The trend of my parents generation seems to be that children were there to serve and I strongly believe our society is paying the price. I have paid the price first hand because the man who raised me used me as his emotional punching bag, made me feel inferior and responsible for his failures as a parent and as a man, and made me feel like a burden. Look at the generation who has been running our country into the ground for far too long. That generation needs to step aside and let a healthy cycle begin. We are tired of being seen and not heard. Please, retire and go away. Enjoy your golden years and stop trying to make decisions about my future and the future of the generations behind me. It doesn’t even effect you anymore and the fact that you still want to control everything and live in a world from 50 years ago where women couldn’t have an opinion and black people had to sit in the back of the bus is infuriating. America was not great back then so stop longing for the old days when it was acceptable to be an asshole to someone you thought was less than you. Raising your children in a world of resentment breeds resentment and anger. I am proof of that.
I could never condone my behavior in anger or my terrible words but I will say that my verbal aggression has brought me to a place of peace where I’m learning to speak up for myself in an aggressive but calm manner so I am more likely to be heard. I don’t let anyone walk all over me or tell me my feelings aren’t valid.
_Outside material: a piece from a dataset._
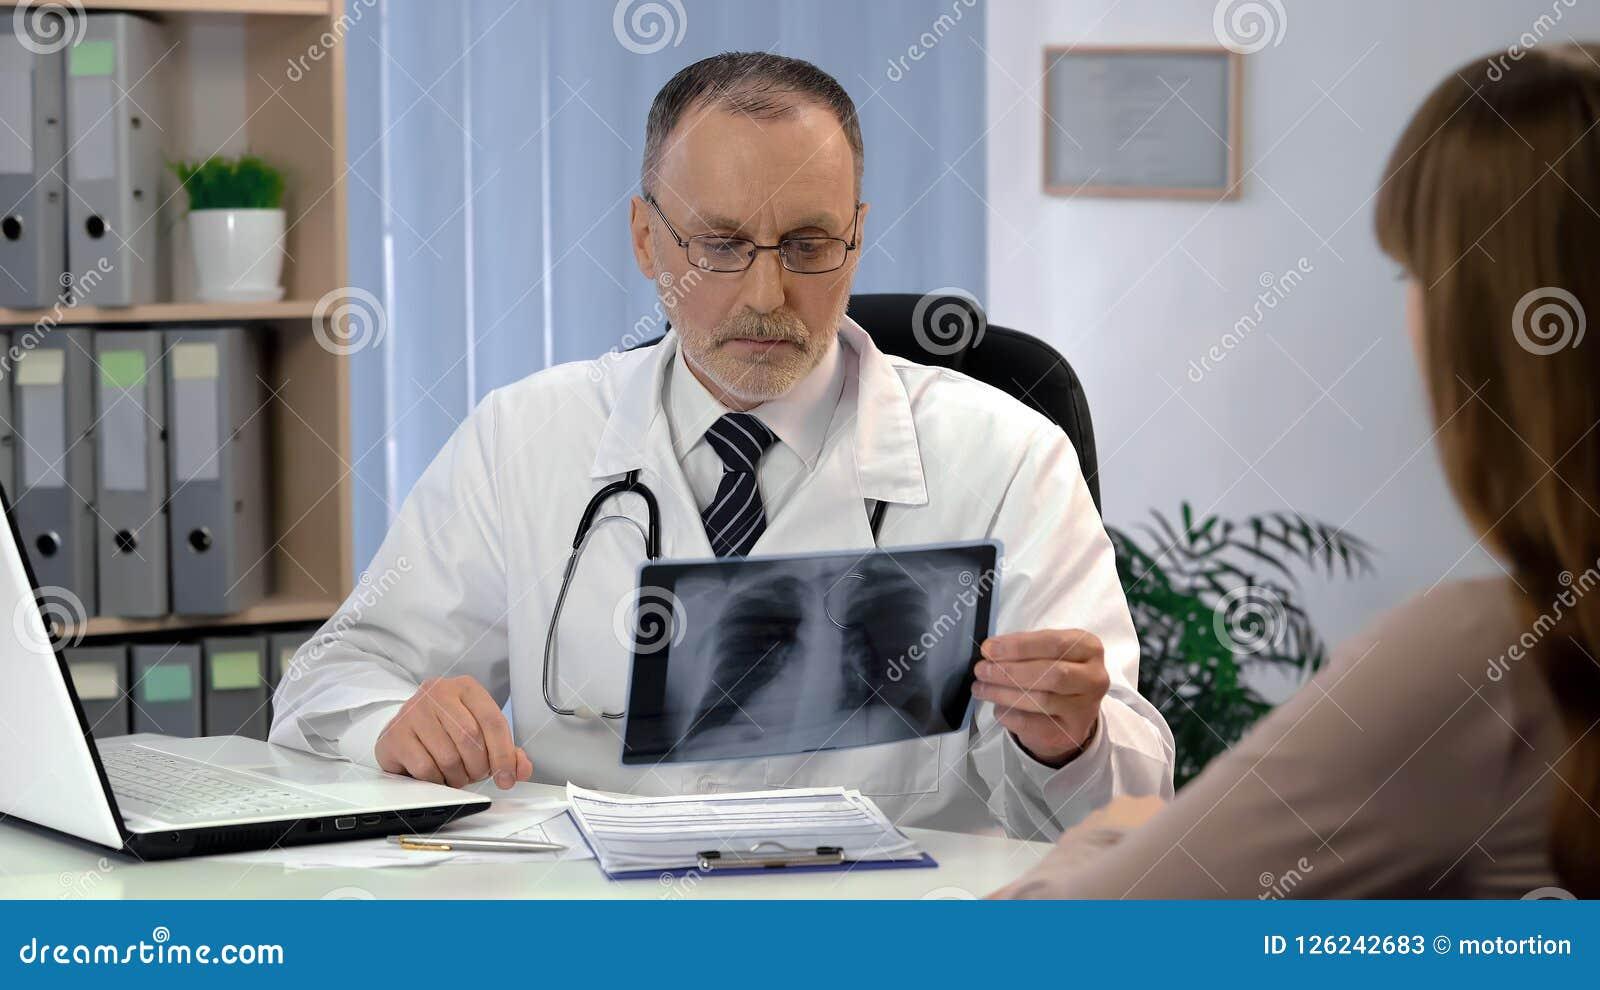 Behandeln Sie das Beobachten von Lungen Röntgenstrahl, Patientenwartediagnose, Tuberkuloserisiko

I have realized that people will suffer in silence rather than speak their truth. The worst communication is no communication and our marriage has grown because we are willing to argue. My husband is non-confrontational by nature and I know my outbursts can be terrifying but he has learned to listen and I have learned to calm down. All of this has taken about 10 years but we finally understand each other on a deeper level and whether we planned to be parents or not, I feel very confident we are going to rock this together, as a team! We’ve survived more than most people would ever believe because on the surface, we are magic. I am so glad people see us that way because we are working very hard to make the tough stuff easier and laugh our way through struggle. We get better and better every day.
My deep seeded fears about parenting still exist but if there is one thing I feel better about today, it is my ability to offer this baby the life he or she deserves. Our relationship will never be perfect but it is loving and healthy. We have survived poverty and losing our home but are finally prospering financially. His income increased and I no longer have to work 60 hours a week for 40 hour pay to make up the difference. In reality, my income was only increasing our tax bill. Isn’t America great?
We moved to a city we love with an abundance of resources. My health is on track for the first time in many years after a cancer scare that turned out to be a combination of thyroid disease, anemia, iron deficiency and malnutrition from gastric bypass 12 years ago. I do not absorb nutrients properly through food. I will share more about my recovery but the bottom line is that I worked very hard to focus on myself, mind, body and spirit and restored my health to optimal levels.
I saw my OBGYN in January of 2019 after neglecting my female health for 5 years because I could not receive decent healthcare where I lived. She did a full work up on me, blood, urine, etc., and I had my first mammogram. My female health was fine but my blood work showed that I was in periomenopause with FSH levels too low to ever become pregnant. My IUD had reached it’s 10 year expiration and at the advice of my doctor I removed it. I got pregnant 4 days later but I didn’t find out until almost 10 weeks later.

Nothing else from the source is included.